Boutros-Ghali pressurised

A former Secretary-General, Boutros Boutros-Ghali of Egypt, has provided an insider's view of how the UN during his five-year tenure was manipulated by a single member nation, the United States.

Although the diplomatic clout exercised by the US is public knowledge, Boutros-Ghali went into great lengths to prove how Washington also sets the UN agenda both politically and administratively.

In his 345-page book titled "Unvanquished: A US-UN Saga" released in 1999, he recalled a meeting in which he told the then US Secretary of State Warren Christopher that many Americans had been appointed to UN jobs "at Washington's request over the objections of other UN member states."

"I had done so, I said, because I wanted American support to succeed in my job (as Secretary-General," Boutros-Ghali said. One of his "heated disputes" was with US Ambassador Madeleine Albright over the appointment of a new executive director for the UN Children's Fund (UNICEF) back in 1995.

Since 1947, the post of executive director of UNICEF has been held only by US nationals, going back to Maurice Pate, primarily because the US claimed a right to the job because it was the biggest single donor to the children's agency.

The then President Bill Clinton wanted William Foege, a former head of the US Centres for Disease Control, to be appointed UNICEF chief to succeed James Grant, also an American. "I recalled," says Boutros-Ghali, "that President Clinton had pressed me to appoint him (Foege) when we had met in the Oval Office in May 1994."

"I replied to her (Albright) as I had then to President Clinton: that while Dr. Foege was without doubt a distinguished person, unfortunately, I could not comply," wrote Boutros-Ghali.

He also told Clinton that he (Boutros-Ghali) was personally and publicly committed to increasing the number of women in the top ranks of the United Nations, and UNICEF would particularly benefit from a woman's leadership.

Since Belgium and Finland had already put forward "outstanding" women candidates - and since the US had refused to pay its UN dues and was also making ''disparaging'' remarks about the world body - "there was no longer automatic acceptance by other nations that the director of UNICEF must inevitably be an American man or woman."

"The US should select a woman candidate," he told Albright, "and then I will see what I can do," since the appointment involved consultation with the then 36-member UNICEF Executive Board. "Albright rolled her eyes and made a face, repeating what had become her standard expression of frustration with me," he writes.

When the US kept pressing Foege's candidature, Boutros-Ghali says that "many countries on the UNICEF Board were angry and (told) me to tell the United States to go to hell."

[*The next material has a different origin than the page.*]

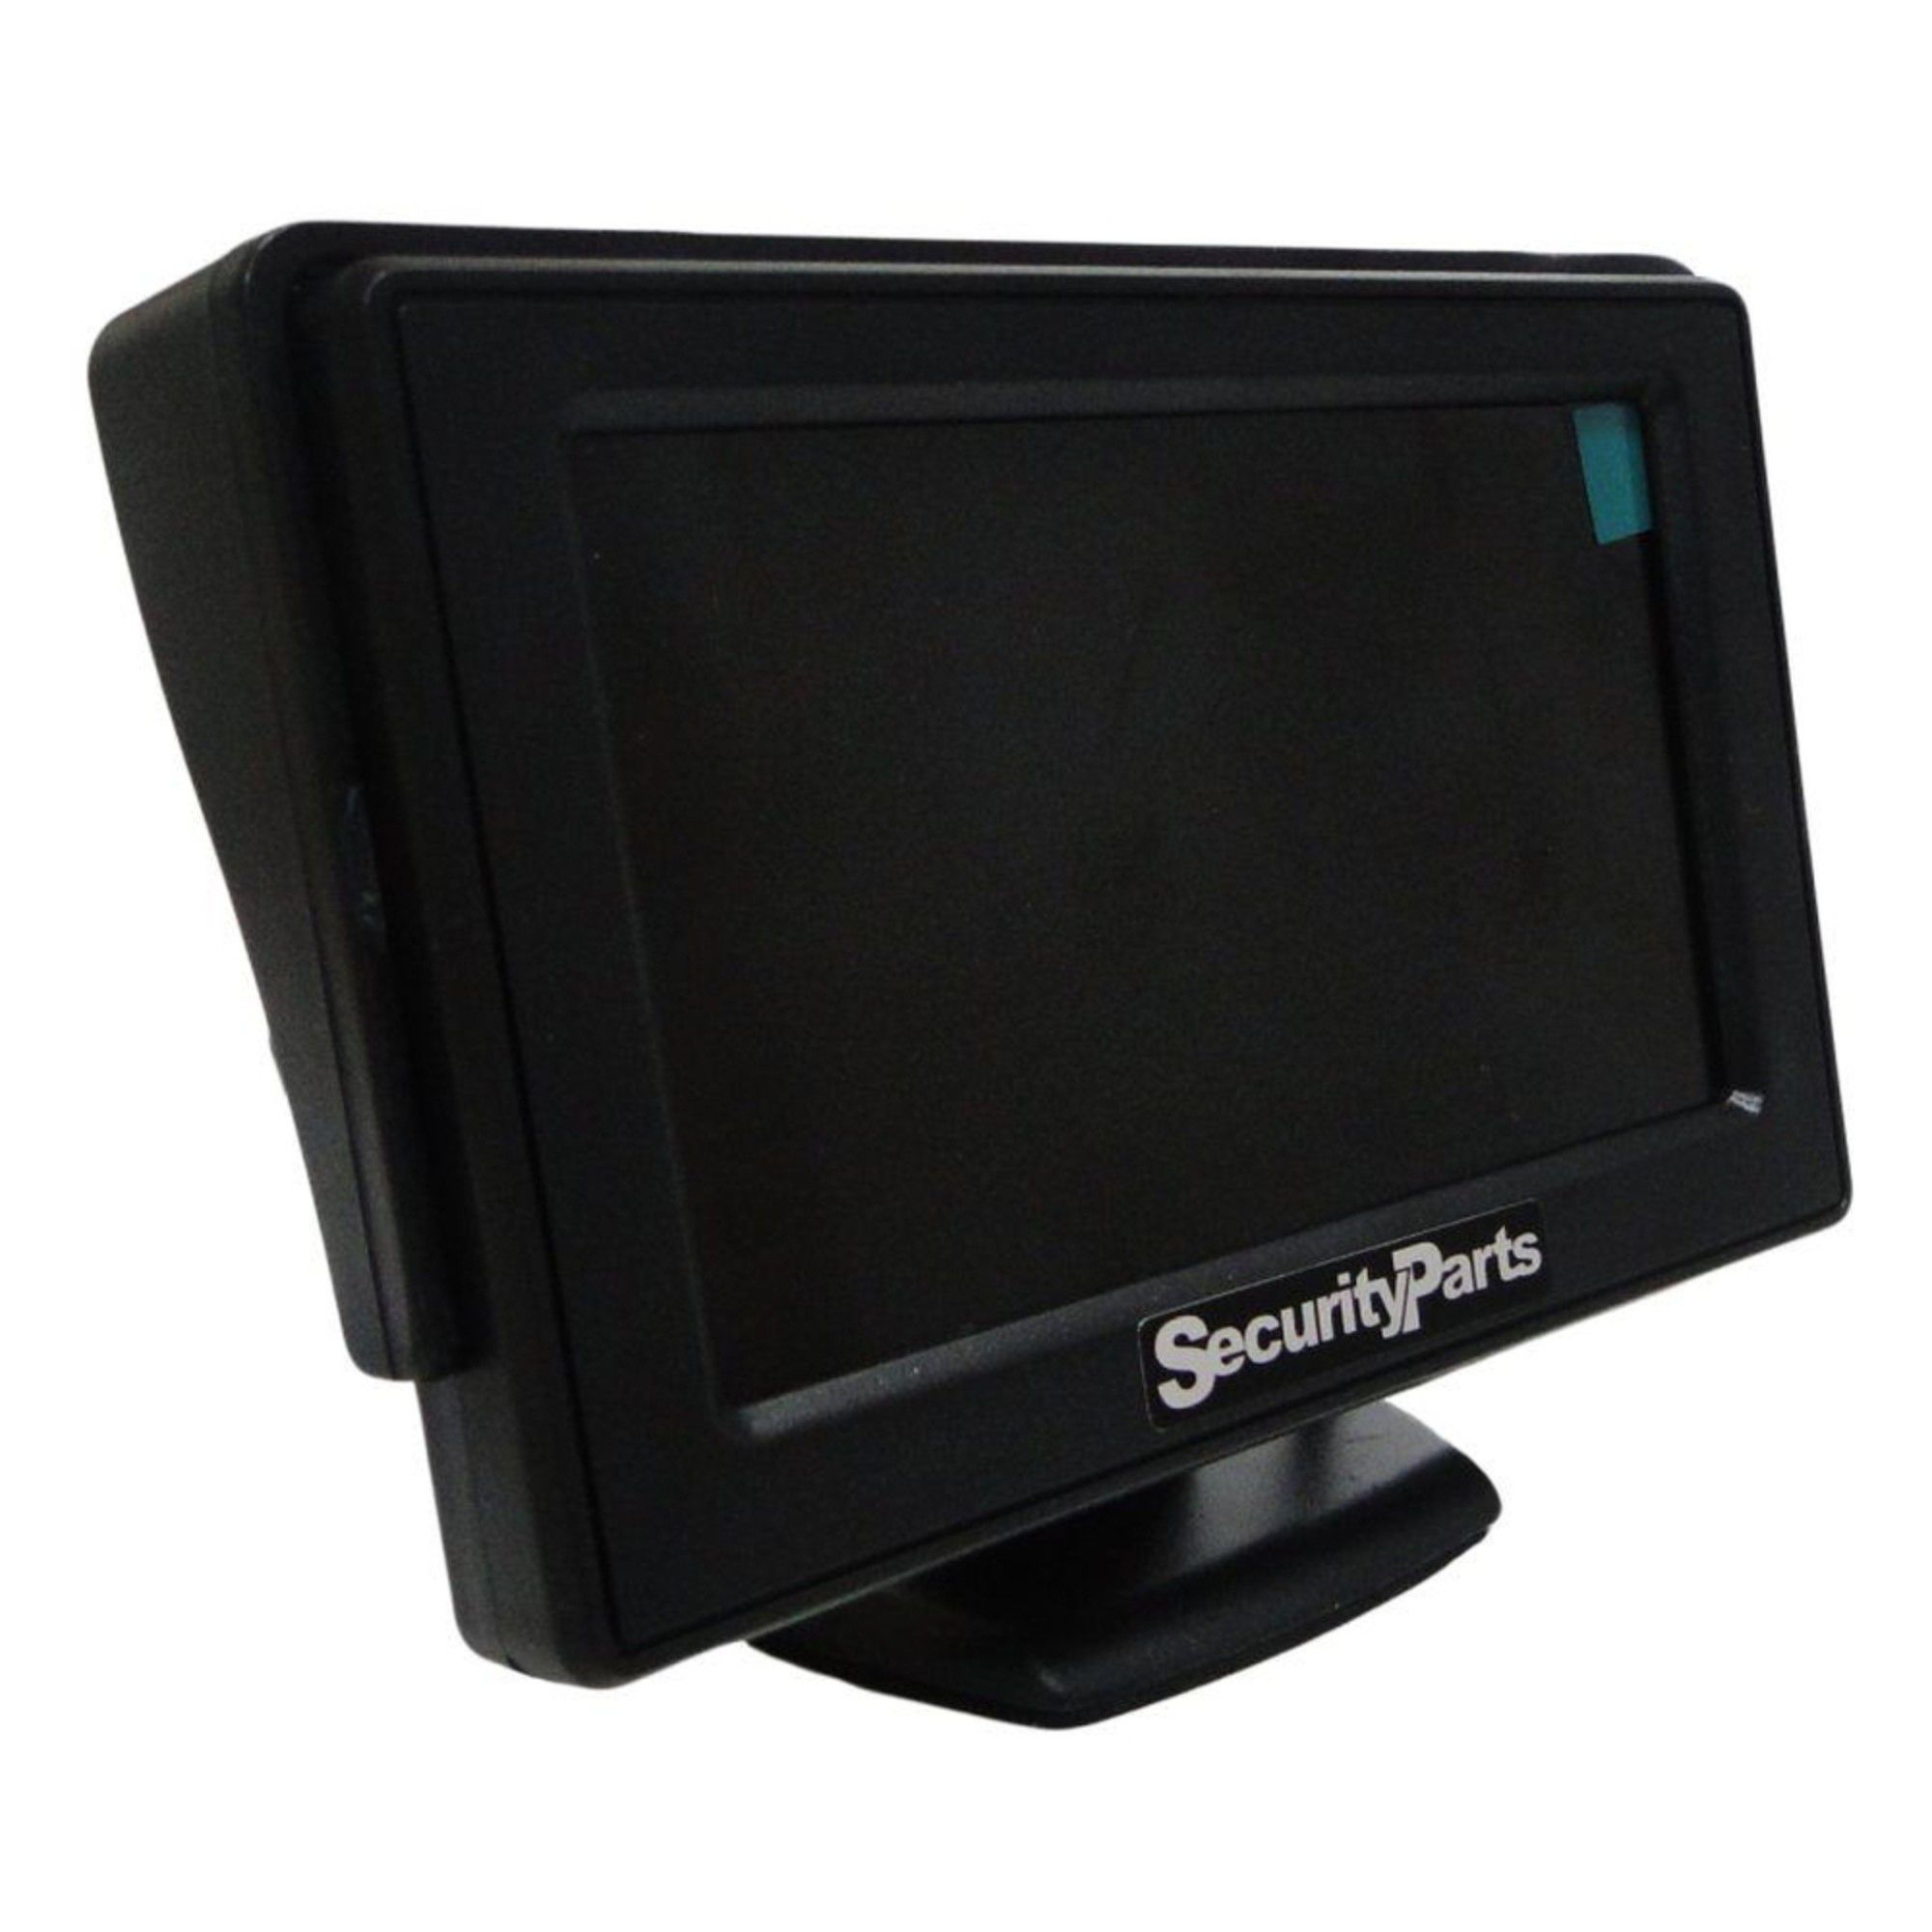 Monitor 4.3" Polegadas LCD Colorido AV RCA

The US eventually submitted an alternate woman candidate: Carol Bellamy, a former director of the Peace Corps. Although Elizabeth Rehn of Finland received 15 votes to Bellamy's 12 in a straw poll, Boutros-Ghali said he asked the Board president to convince the members to achieve consensus on Bellamy so that the US could continue a monopoly it held since UNICEF was created in 1947.

After her ten year tenure, Bellamy was succeeded by Anne Veneman, a Bush administration appointee, who continues the US monopoly at UNICEF.